Remember that the original Findings and Recommendations tab had a mention to cur_commit not being turned on?
cur_commit works as follows: If a row is being updated (X lock) and a second connection is doing a CS scan, instead of having to wait for the connection holding the lock to commit or rollback, DB2 will return the "currently committed" value, which is the value before it was updated by the connection holding the lock. Then the connection doing the scan doesn't need to wait. This setting is on by default with new databases, but for backward compatibility is kept disabled with migrated databases.
The next recommendation is to implement a transaction size in the utility. Rather than committing the changes a single time at the end of the processing, issuing multiple commits every n records will allow the locks to free up sooner.
Your next steps
If you haven't done so yet, I recommend you check out the demo reports. They are the easiest way to get familiar with the tools.

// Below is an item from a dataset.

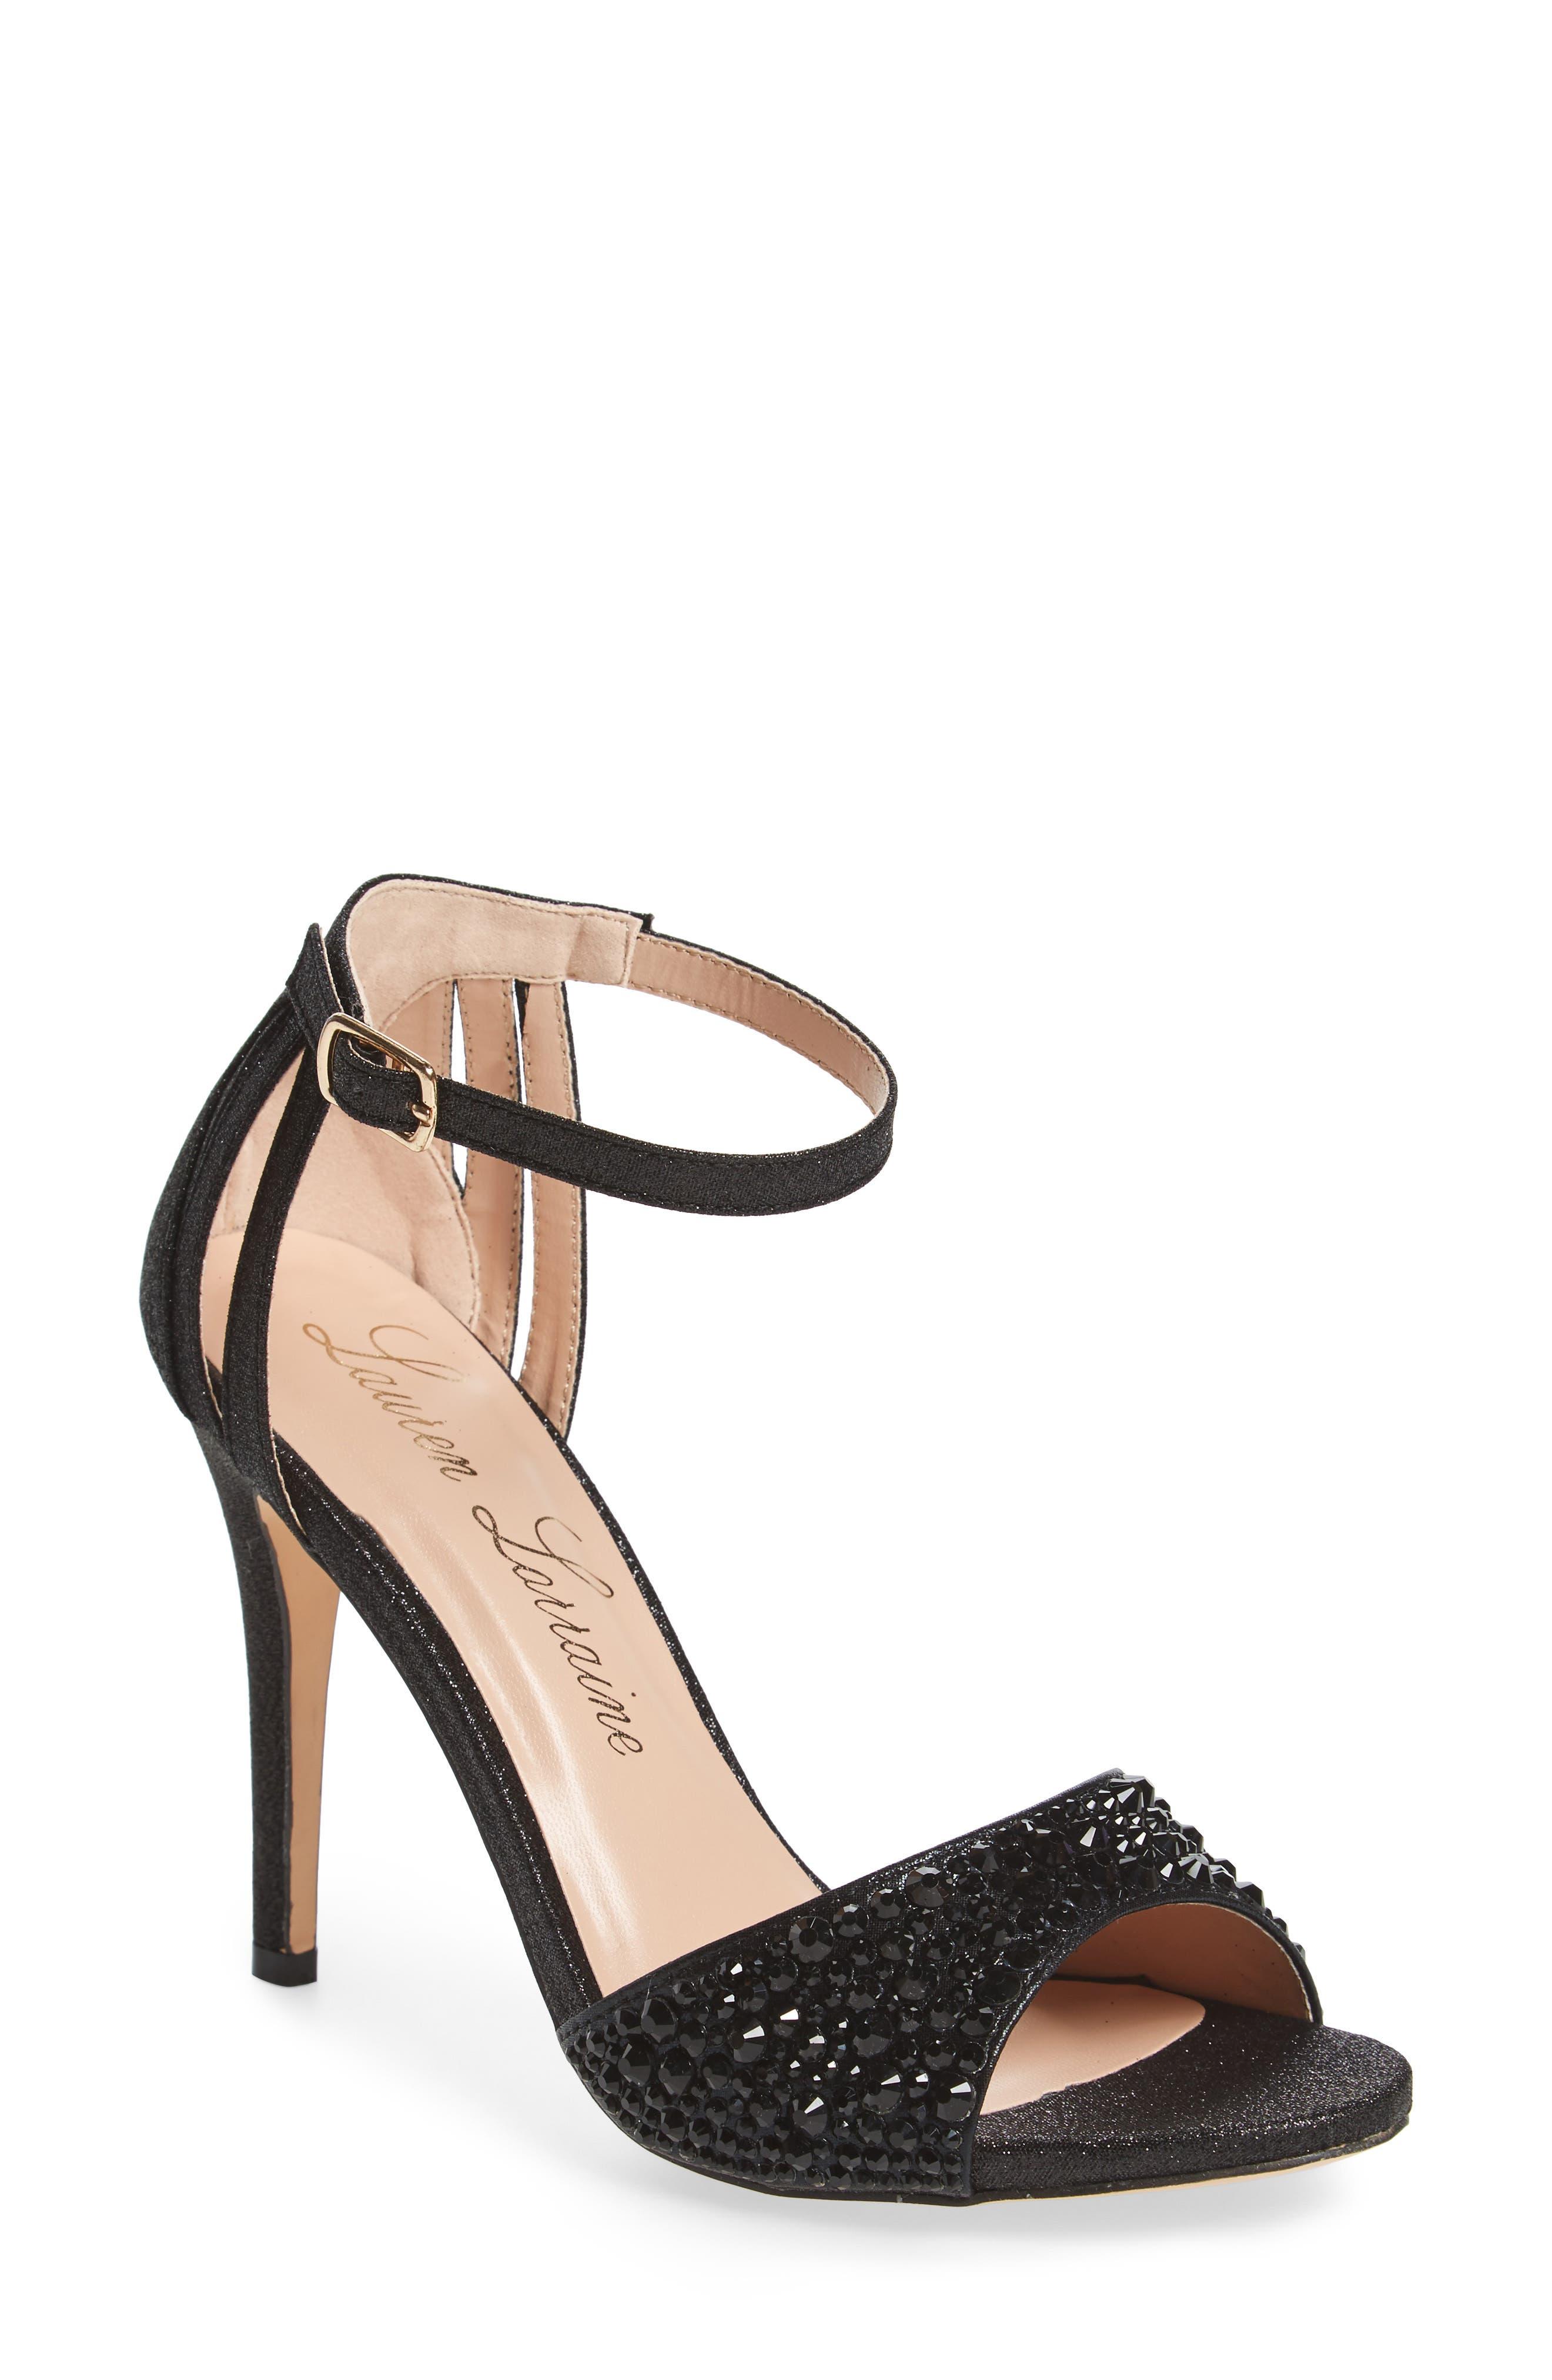 Main Image - Lauren Lorraine Maddy Embellished Sandal (Women)
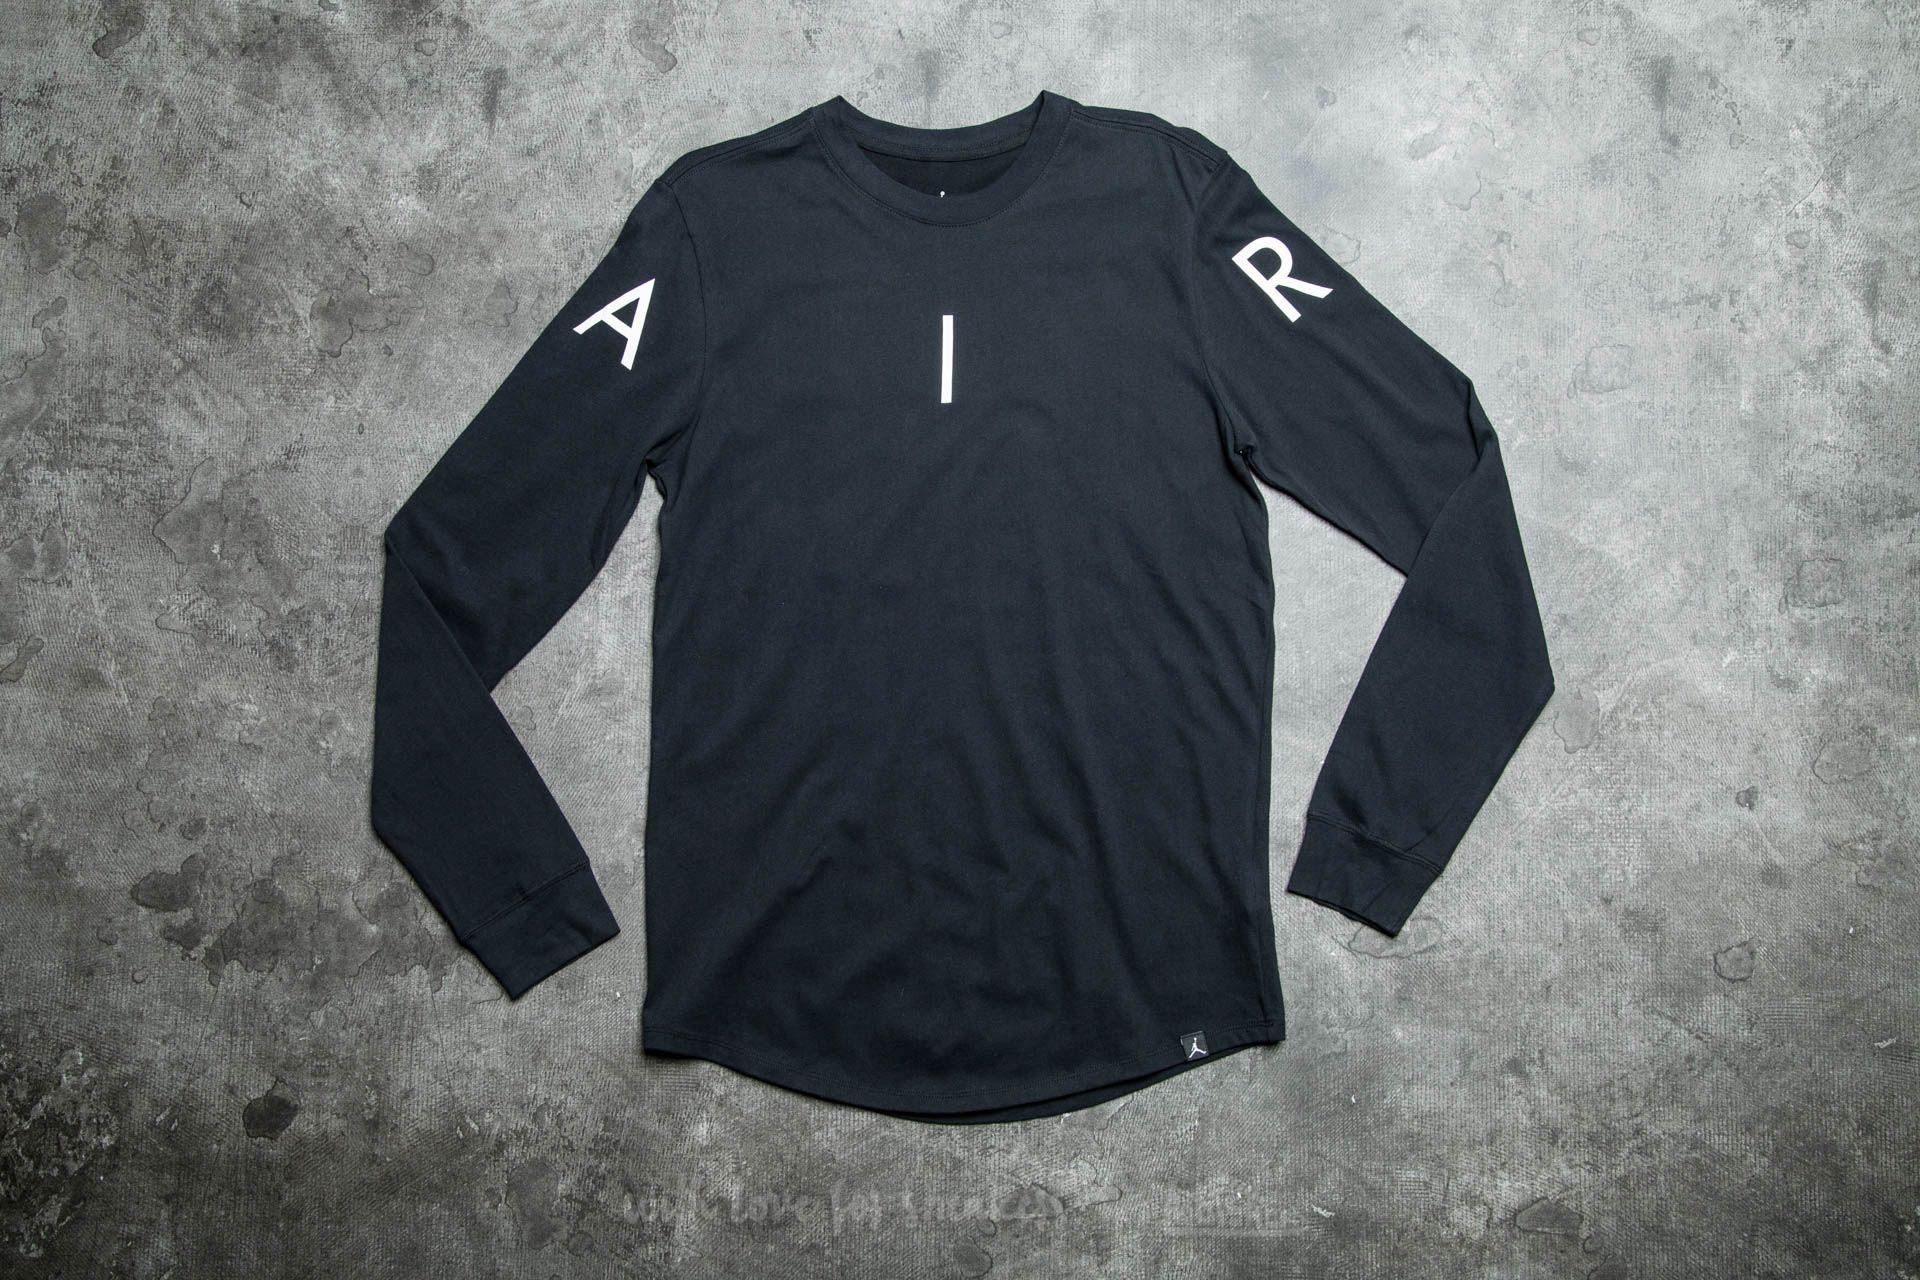 2cf1b6eece47 Jordan A.I.R. Long Sleeve Tee Black  White

You can find links to the demo reports from each tool's Help tab.
For the IHS Report, mpmstats logging into error_log is enabled by default, but you may want to tweak the configuration to log more frequently and report long running requests (see the IHS - Installation document).
If you are running a recent WebSphere Application Server version, you only need to enable the Health Center agent, otherwise you need to upgrade its libraries (see HC - Installation document). Once enabled and configured, the Health Center agent will continuously log performance data (threads, gc, CPU, etc) into hcd files.
Although the tools are provided as-is, if you run into issues you can post your questions/comments in the forums (you can also find the links in the Help tab).
With all the tools setup, you will be in a much better position to tackle any future site issues. Good Luck!